Tomah Joseph made both practical household items and more decorative items out of birchbark, that he covered in Passamaquoddy carvings and then sold to tourists. This was done both for economic gain and to preserve the heritage of the Passamaquoddy tribe. Tomah Joseph's birchbark artwork differed from past native pieces as he developed his own illustrative style along with new forms that fit modern Victorian usage, such as yarn holders and waste baskets, which were previously not seen in birchbark craft.

Canoe Backrest were made both for their comfortable practicality while touring and then sold after a souvenirs. The backrest had a front and back panel with an ash tree seam connecting the two sides. It would normally be filled with wood shavings to hold its shape. Often these backrest were decorated with illustrations of the Native American legend behind Friar's Rock. They were made and sold from 1890 - 1900.

Lidded Box, in the Metropolitan Museum, is a 10.2 x 7 cm birchbark container made in 1890. It has carvings of birds on its lid, human figures on three of its four sides, and the words "KOLELEMOOKE MIKWID'HAMIN" on the fourth.

Tomah Joseph Basket was made in 1906. His signature story illustrations are carved on the outside of it. The imagery includes a bear, man, and canoe amongst other figures.

==New style==
Tomah Joseph adapted the traditional birch bark craft that was passed down through the Passamaquoddy tribe to meet the consumer ideals of non-native visitors purchasing his work. Originally Passamaquoddy artist would carve floral or geometric patterns, or use illustrations to tell stories on their artworks. Tomah Joseph was the first to combined all these styles into a singular piece creating this new style of Passamaquoddy carvings. As others started to copy and learn from his style, this new group of artists became known as the "School of Tomah Joseph."
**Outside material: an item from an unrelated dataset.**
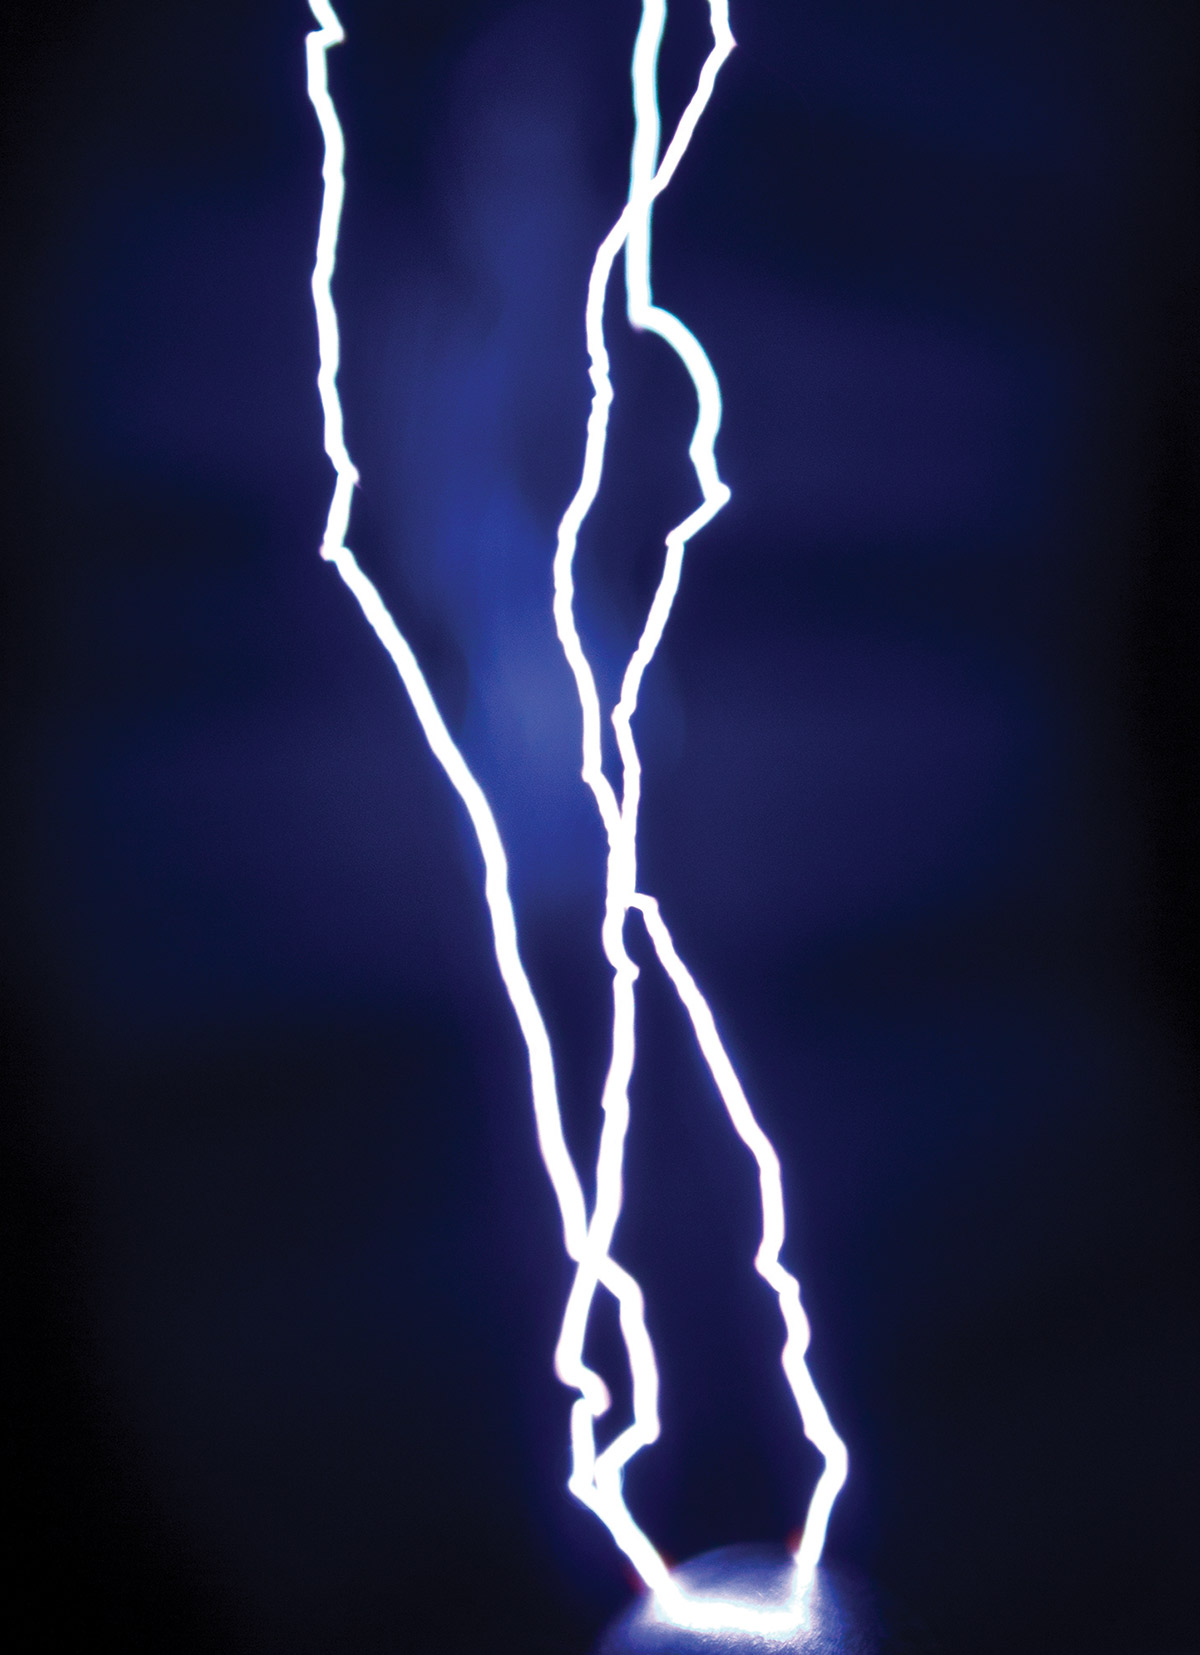 Electricity against a dark blue background, looks like lightning against a dark sky 
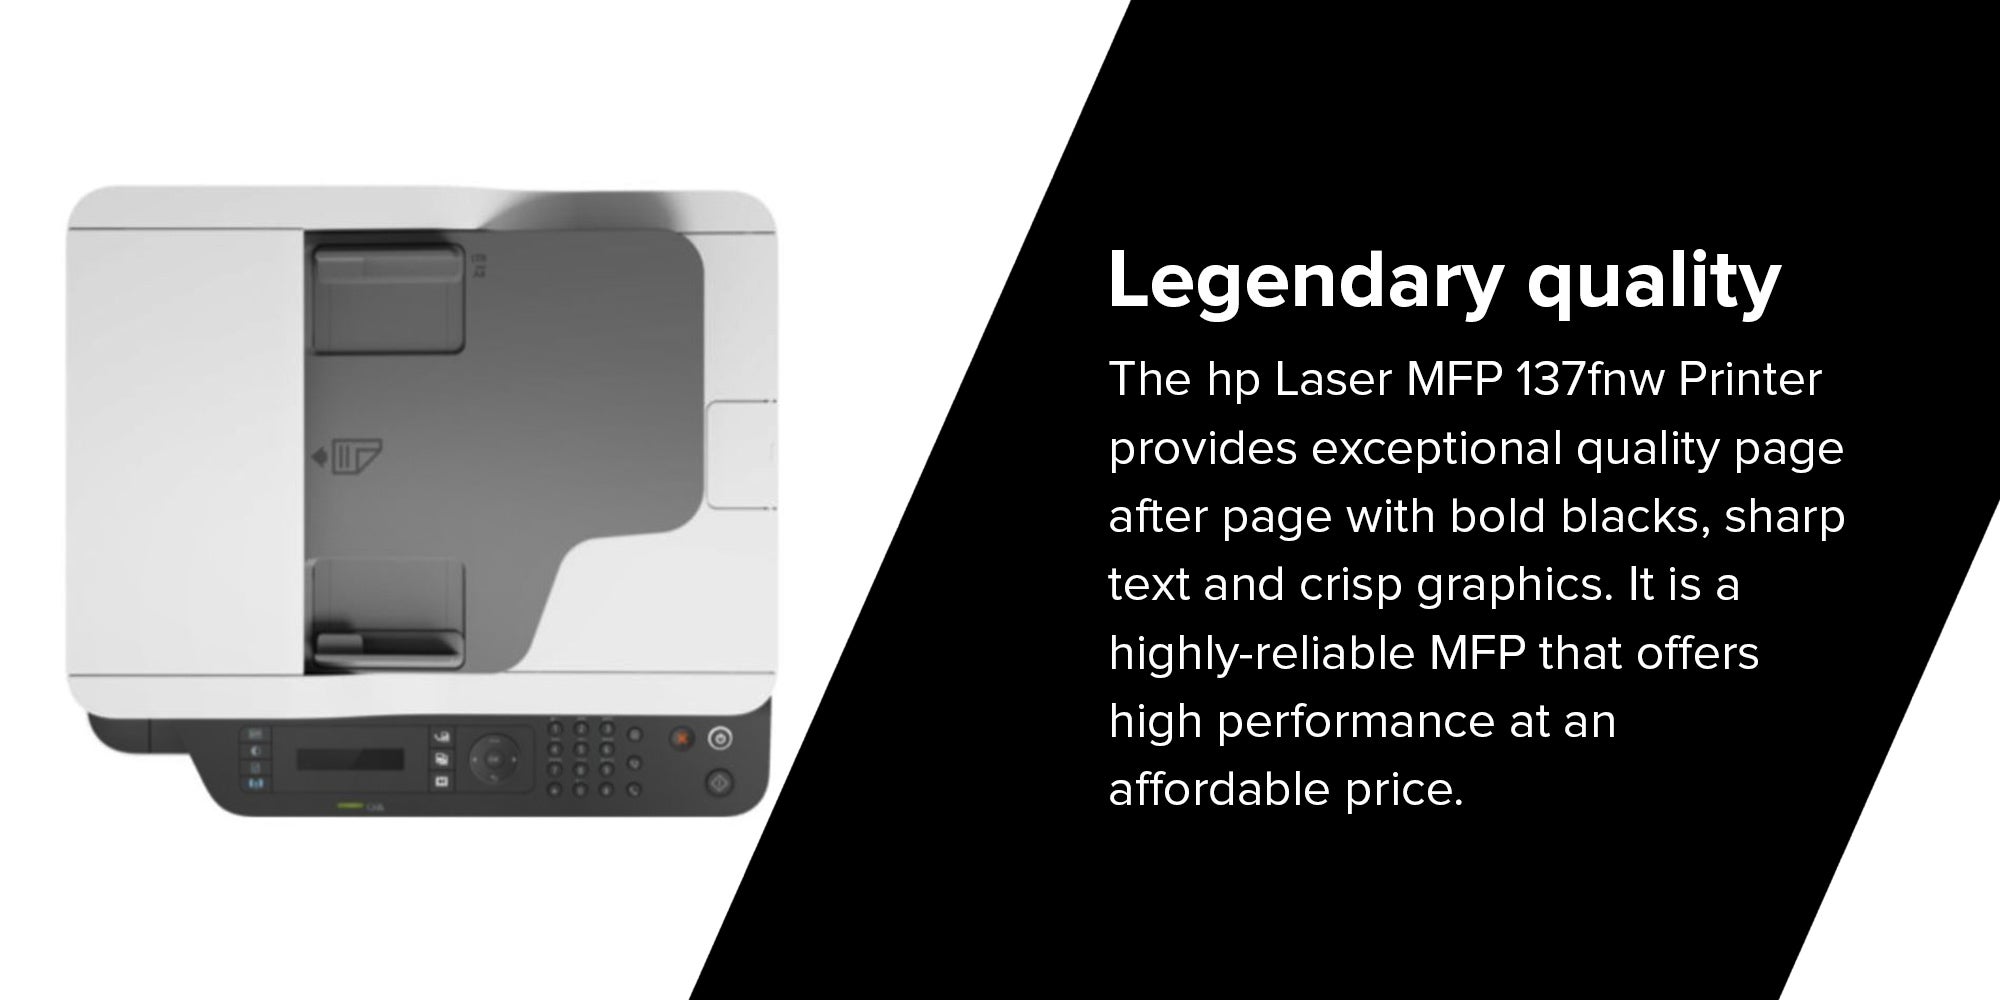 Impresora HP LaserJet 137fnw Multifuncional 4ZB84A - Laser Print

The geometric and floral patterns would be incorporated as a frame around the characters that Joseph carved. The human figures also tended to be more realistic than the traditional picture writing used in previous Passamaquoddy artists carvings.

==Collections==
Joseph was an accomplished birchbark canoe-maker, who notably made a canoe for the young Franklin D. Roosevelt that is now in the collection of the Roosevelt Campobello International Park. Many of Joseph's works were birchbark manuscripts. His work is included in the collections of the Metropolitan Museum of Art, the Abbe Museum, and the National Museum of the American Indian, Smithsonian Institution.

==Exhibitions==
The Haffenreffer Museum of Anthropology at Brown University hosted an exhibition, History on Birchbark: The Art of Tomah Joseph, Passamaquoddy in 1993. Curated by Joan lester, the exhibition included information on the history of birchbark art, historical background on the Passamaquoddy tribe, a biography of Tomah Joseph's life including his relationships with Franklin Roosevelt and Charles Leland, the new style of birchbark work that Tomah Joseph created, the origin stories from Native American folklore that was used in his illustrations, as well as explanations for some specific carvings and what their significance was. The exhibition physically included archival photographs of Tomah Joseph's life, 42 various pieces he created, as well as some artworks created by his descendants.